Page:Lacaussade - Poésies, t1, 1896.djvu/78

Cette page n’a pas encore été corrigée

Ils savent être heureux imperturbablement !
Tant ils sont convaincus, saturés de largesse,
Que des dieux leur fortune atteste la sagesse.
Seulement, pour ces cœurs résignés aux bienfaits
Du ciel, les mécontents sont des esprits mal faits.
Au bord des étangs verts où sa pâture grouille,
Le héron mange ainsi gravement sa grenouille,
Et s’étonne des cris que pousse au fond des airs
L’aigle battu des vents ou brûlé des éclairs ;
Très sage, il en conclut, en savourant sa proie,
Qu’un aigle, quoi qu’on dise, a moins d’esprit qu’une oie.

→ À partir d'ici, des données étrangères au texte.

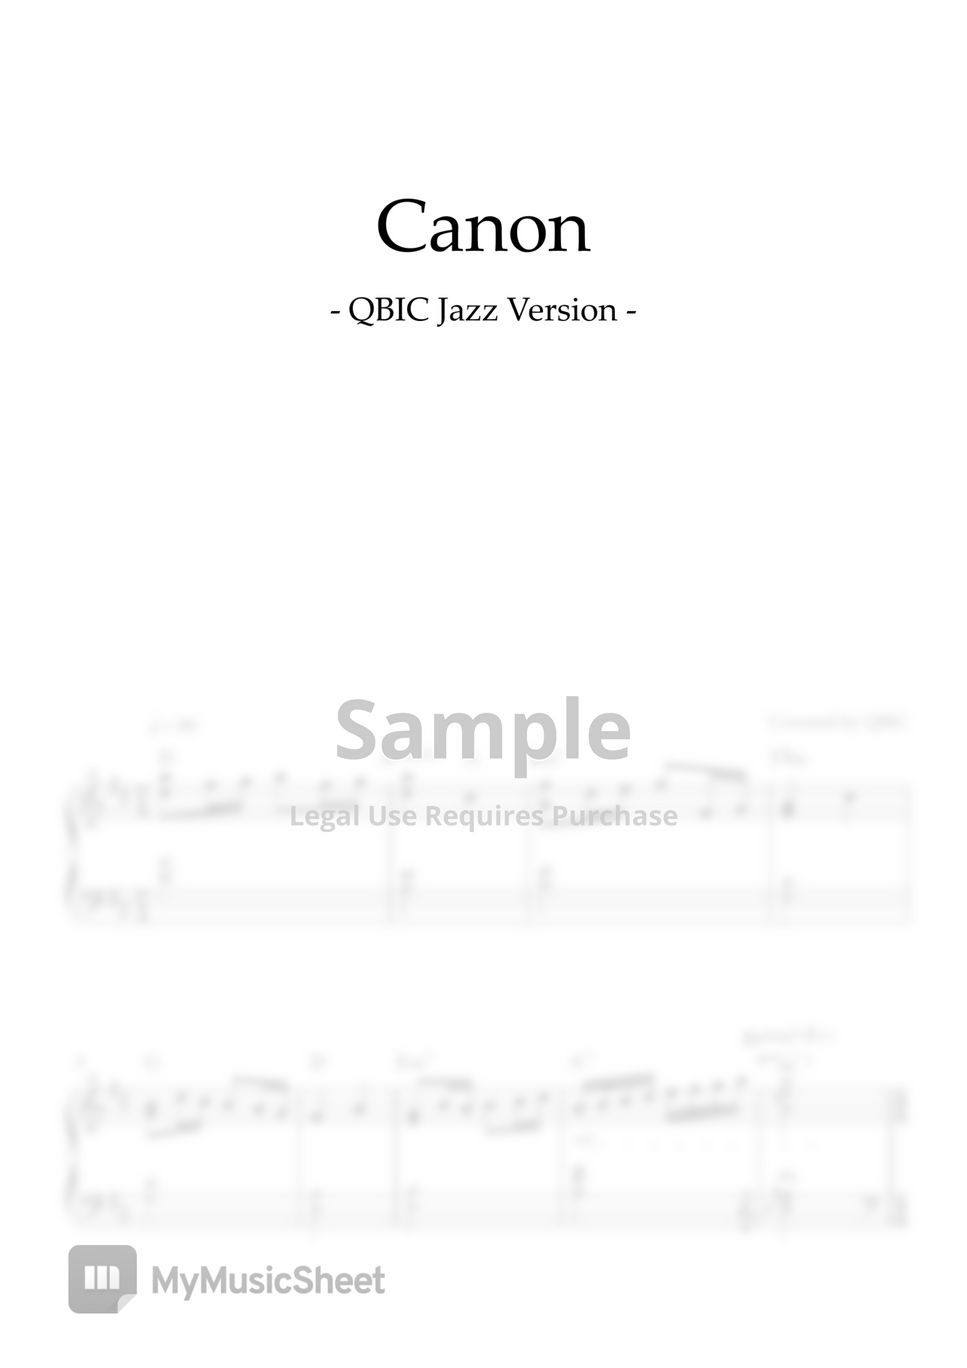 QBIC - Canon (Jazz Ver.) by QBIC

Dieu juste ! et c’est donc là la vie ! Et le héron,
Le satisfait repu, l’égoïste poltron,
Insultera toujours ceux-là qui dans leur voie
S’en vont sous les éclairs où ta main les envoie !
Et ce n’est point assez des tourmentes du ciel,
Il faut boire l’outrage et l’éponge de fiel,
Et s’entendre crier par des goujats immondes
Que tout est pour le mieux dans ce meilleur des mondes !
Quoi ! leurs maux, à tout prendre, ils les ont mérités !…
Ô des biens d’ici-bas vous les déshérités,
À ces bâtards du cœur et de l’intelligence
Montrez-vous ! Produisez vos titres de naissance !
À l’astre paternel votre droit est pareil,
Poètes ! réclamez votre place au soleil.